# how to fix this ?



## big-saxo-guy (Mar 4, 2013)

I recently got new alloys the other day and there is completely baked on rubbish on them and I have already tried to remove it using wonder wheels hot wheels and imperial tar remover which worked on the front of the wheels but on the back of a couple it Is solid and I managed to get a small bit off by scraping It.





Does anyone have any ideas how to remove it or will I have to deal with it ?

thanks


----------



## [email protected] (Nov 3, 2011)

Acid dip and start again!!!


----------



## Bartl (Apr 3, 2013)

Have you tried clay? If not I would definitely give that a go next.


----------



## big-saxo-guy (Mar 4, 2013)

Bartl said:


> Have you tried clay? If not I would definitely give that a go next.

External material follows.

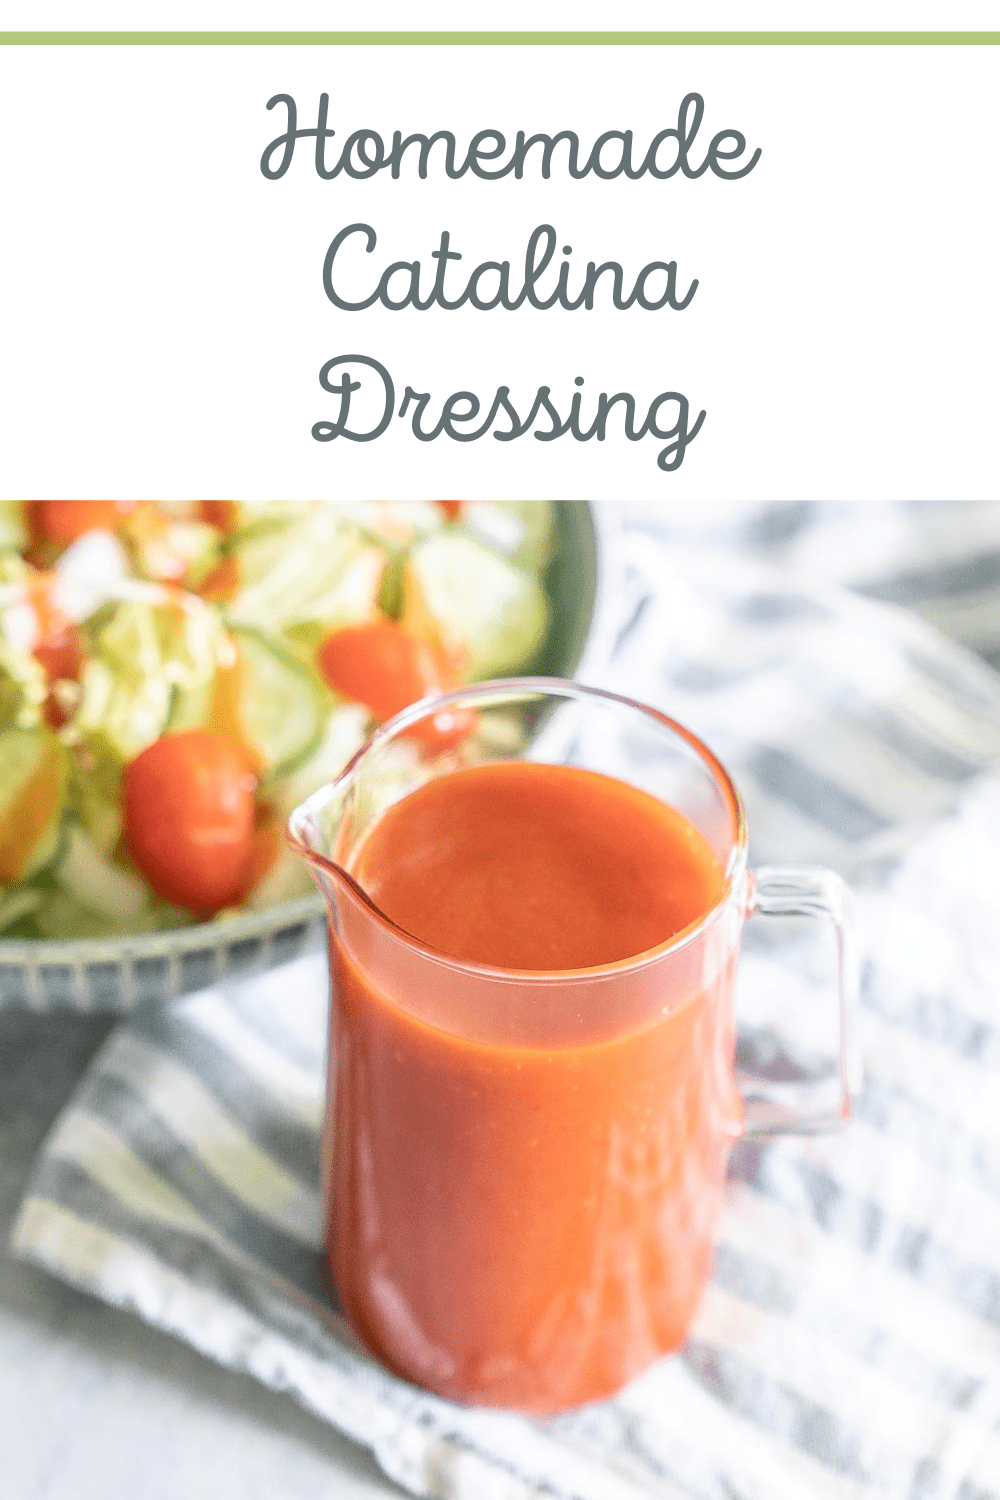 Homemade Catalina Dressing Recipe

I had thought of clay but it is massive patches and it thick , wasn't sure if clay would do anything :wall:


----------



## Mike_Wizz (Aug 5, 2013)

Would something stronger such as as Ali shine get it off...?


----------



## Bartl (Apr 3, 2013)

Now I can see the pictures. I would suggest using a stronger wheel cleaner, something like smart wheels.


----------



## B17BLG (Jun 26, 2012)

Wonder wheels is a strong enough wheel cleaner, if that hasn't shifted it then try something along the lines of fallout remover.


----------



## Kiashuma (May 4, 2011)

I posted on your other thread saying a fallout remover, but looking at bigger pictures im wondering its corrosion on the wheel, some of it looks really bad.


----------



## big-saxo-guy (Mar 4, 2013)

Thanks guys I thought that wonder wheels would be the same as a fallout remover but I will tyr some purple rain tomorrow. 
The guy I got the wheels from said he had seized calipers and thats why they are so bad and where I have scraped the it off (pea sized bits ) you can see powder coat so im hopeful they are ok


----------



## Yellow Dave (Apr 5, 2011)

For use only once with something that bad, I'd seriously consider something a little corrosive and try on a small patch and see what affect it has on both the brake dust and the finish underneath


----------



## big-saxo-guy (Mar 4, 2013)

Yellow Dave said:


> For use only once with something that bad, I'd seriously consider something a little corrosive and try on a small patch and see what affect it has on both the brake dust and the finish underneath


i was thinking that because it is soo thick it might need something like that to start it off ? woud acetone work ?


----------



## Kickasskev (Sep 18, 2012)

Its mega strong and would work without a doubt use a stiff agitator brush

Auto Smart Treble X

Then go over it with T&G Remover

Clay Bar

Then Wax and Seal


----------



## bannan (Jun 20, 2007)

I've had this before where it's really thick. Tried original wonder wheels which shifted it at a verry small rate. In the end I had to use a soft scouring pad (cringe) but the paint was so pitted I wasn't going to make it any worse. Normally if they are that bad you aren't going to make any more damage that what is already there. The new valetpro trix looks good. Wonder if that could get rid of any of it.


----------



## Kiashuma (May 4, 2011)

Just a thought, some of the £5 road side washes use really strong stuff, maybe get them to try and clean one, it works get them to do the rest, cheaper than you buying the chemicals, only to use once.


----------



## big-saxo-guy (Mar 4, 2013)

bannan said:


> I've had this before where it's really thick. Tried original wonder wheels which shifted it at a verry small rate. In the end I had to use a soft scouring pad (cringe) but the paint was so pitted I wasn't going to make it any worse. Normally if they are that bad you aren't going to make any more damage that what is already there. The new valetpro trix looks good. Wonder if that could get rid of any of it.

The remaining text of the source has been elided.